Closed huawen-poppy closed 1 year ago
Hi @huawen-poppy,
Thanks for reaching out! I hope you like our work. Checking the notebook file chemCPA_Figure_2_rdkit.py I assume that the correct hashes are these:
# * RDKit:
# * fine-tuned: `'c824e42f7ce751cf9a8ed26f0d9e0af7'`
# * non-pretrained: `'59bdaefb1c1adfaf2976e3fdf62afa21'`
You can access the models used for the paper figures here: https://drive.google.com/file/d/1y2j73xNioavBpWugmEdvyflpjNmpUD1j/view?usp=share_link
I hope that solves your issue.
Hi @huawen-poppy , did you set up seml in order to reproduce the results? I am trying to run the model without seml but it proves to be a bit challenging. If you didn't either, I would greatly appreciate some pointers towards that! Thanks!
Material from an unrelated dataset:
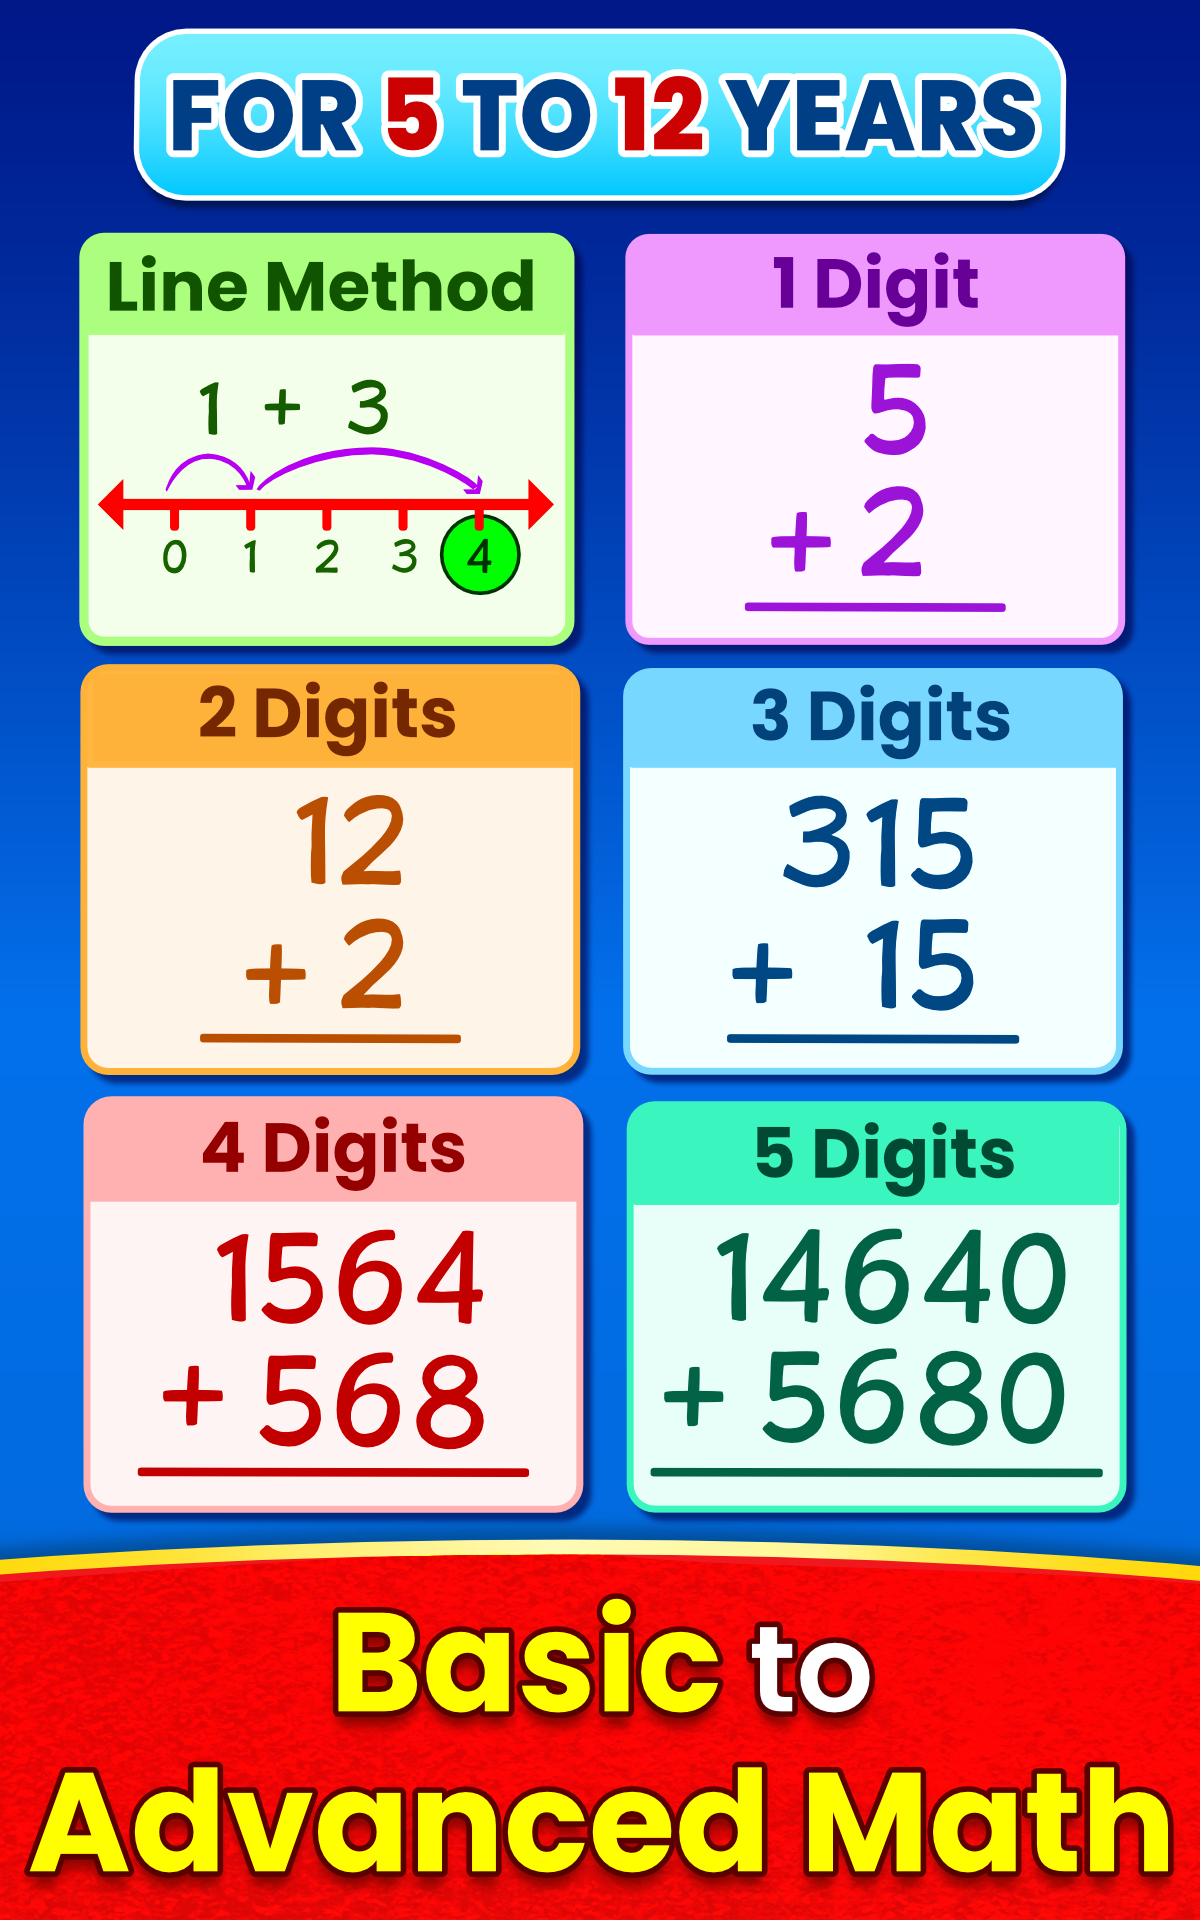 Math Games - Addition, Subtraction, Multiplication and Division Learning Games For 1st, 2nd, 3rd, 4th, 5th Graders, Free on Kindle Fire

Hello! Thanks for the exciting paper! Recently, I tried to reproduce the results of figure 2 and supplementary table 5. For figure2, I followed the tutorial (chemCPA_Figure_2_rdkit.ipynb) in the notebook directory. But I found the given model hash ids for rdkit models are outside the given finetuning_num_genes.json file. Anyway, I tried to use the rdkit model hash id '27b401db1845eea26c102fb614df9c33' (pretrained) and '51b81b77079c1060aedb0ee2259008ca' (non-pretrained), which are available from the json file to produce figure2. But I got different results from the paper. Could you please provide the models that figure2 used?
For the supplementary table5, I don't know how the mean r2 was calculated. Is the r2-score for the predictions under all kinds of dosage drugs? Or is it only specific to one type of dosage?